Yaaa Sn. Maliye bakanı Dursun Oğuz! Kamburuna öyle bir bakanlık yüklediler ki yardımcın aleyhisselam  efendimiz olsa siz yine sıfır yazarsınız!

ÇÜNKÜ Olay şudur: Geçtiğimiz hafta Meclis’te hiç bir zaman “bizim olmayan” bütçemiz görüşülürken, yeni Maliye bakanı Dursun Oğuz göreve yeni başlayan gelip giden hükümetlerdeki Maliye bakanları gibi konuşurken, bilinmedik sır gibi “Devletin borç yükü altında olduğunu” söyledi.       Özellikle “Personel cari giderlerin fazlalığından yakındı..” Ve “Bütçe açıkları nedeniyle atılacak adımlardan taviz verilmeyeceğini” özellikle belirtti ki anlasınlar: “Bu bakan öteki bakanlara benzemez!”

OYSA Sn. Bakan siz bunları söylerken bir yandan da mensubu olduğunuz Koalisyon hükümetinde (Yukarıda da yazdığım gibi) eski hükümetin bütün görevlileri giderken, yerlerine Saner Hükümetinin “adamları” geliyordu!

Eee! “Ne var bunda” mı diyeceksiniz.. Söyleyeyim: “Her hükümet elbet kendi kadrosu ile gelir” de bizde  “kadrolar” yoktur “adamlar ve adamları” vardır  dolayısıyla yeni gelenler partilileriyle, eş dost akrabalarıyla falan gelirler!

BU cümleden olmak üzere Ersan Saner hükümeti de göreve gelirken “adamlarıyla” geldi.
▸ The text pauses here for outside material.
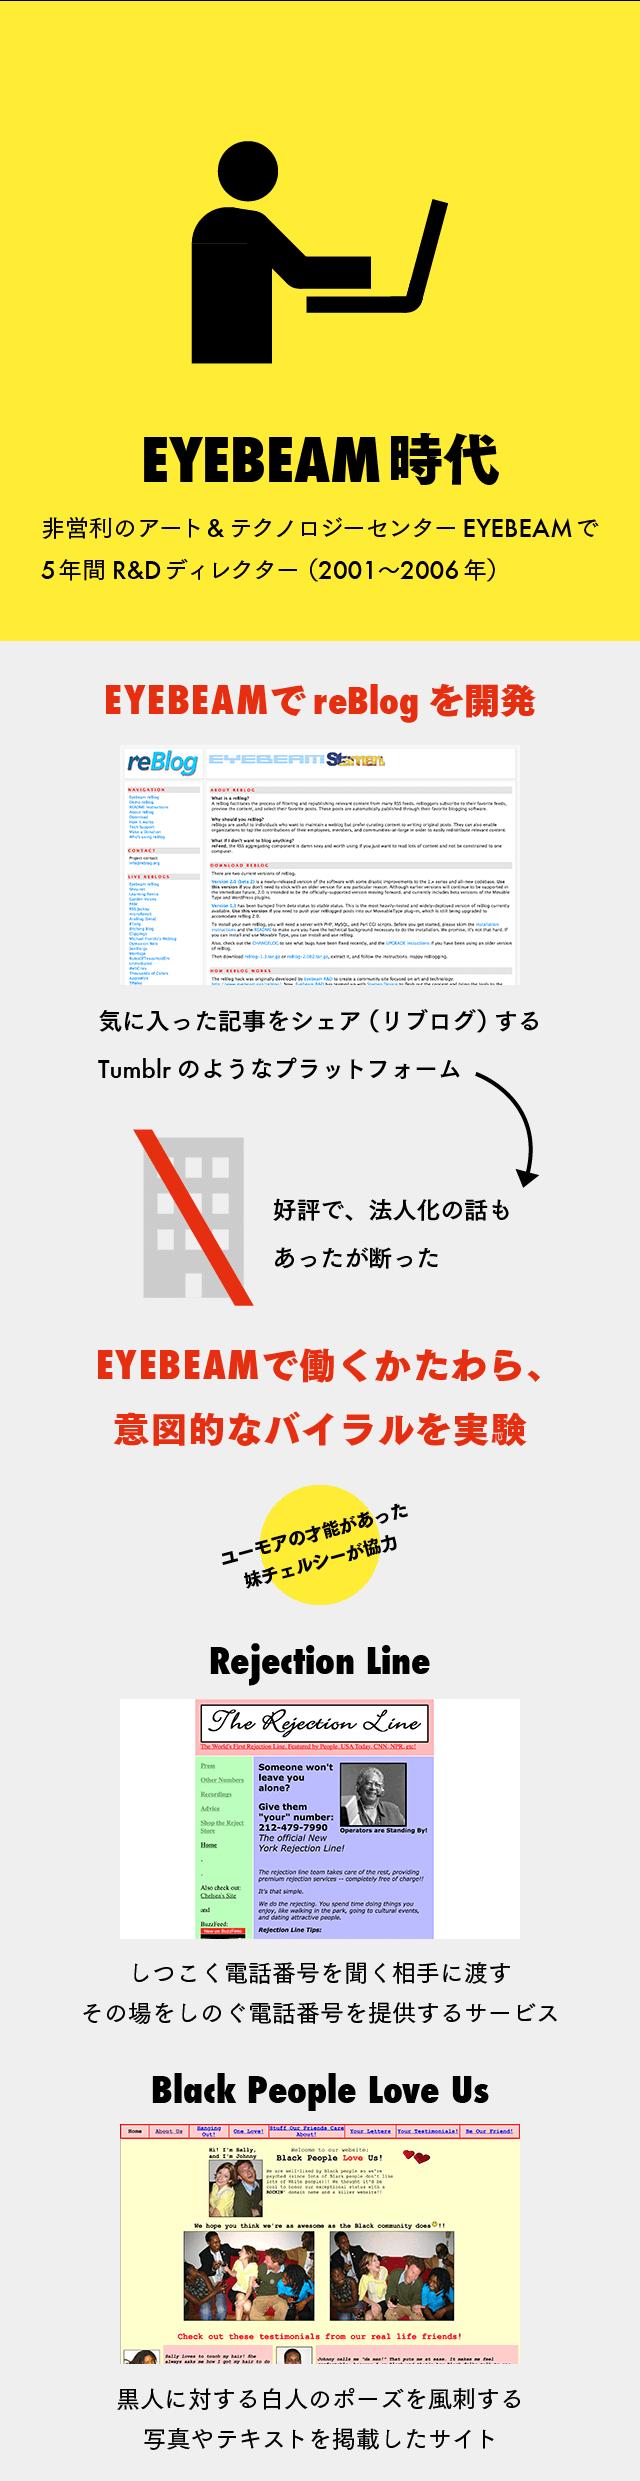 【マスター】バズフィード創業者ストーリー_20150831-05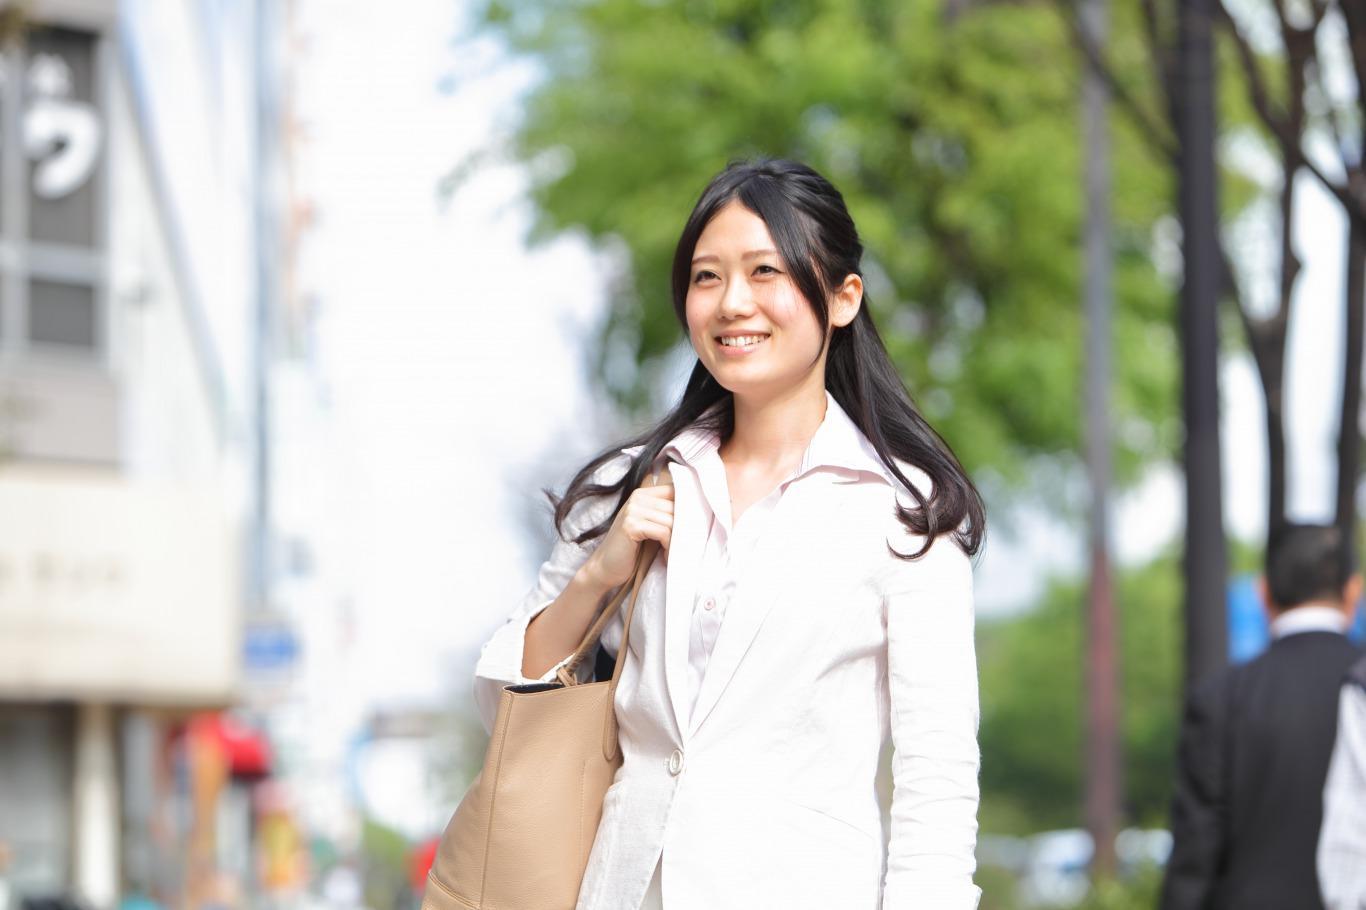 【未経験者歓迎!】事務スタッフ【髪型・服装・ネイル自由】

Gideni de adamlarıyla gitti!

Her bir buçuk yada iki yılda tekrarlanan bu “gel-gitler” sadece istihdamı değil, devlet kedemelerinde bir süre çalıştıktan sonra emeklilik hakkı kazananların da ömür boyu emeklilik maşlarına bağlanması gibi bal kaymak bir süreç oluşturmaktadır.          Erken emekliye ayrıldıktan sonra çoğu zaman dışarıda başka işlerde çalışsalar da devletten emekliye ayrılan bu kaymak tabaka Maliye Bakanı Oğuz’un da açıkladığınca yıllardır  devletten emekliliklerini almaya devam etmektedirler.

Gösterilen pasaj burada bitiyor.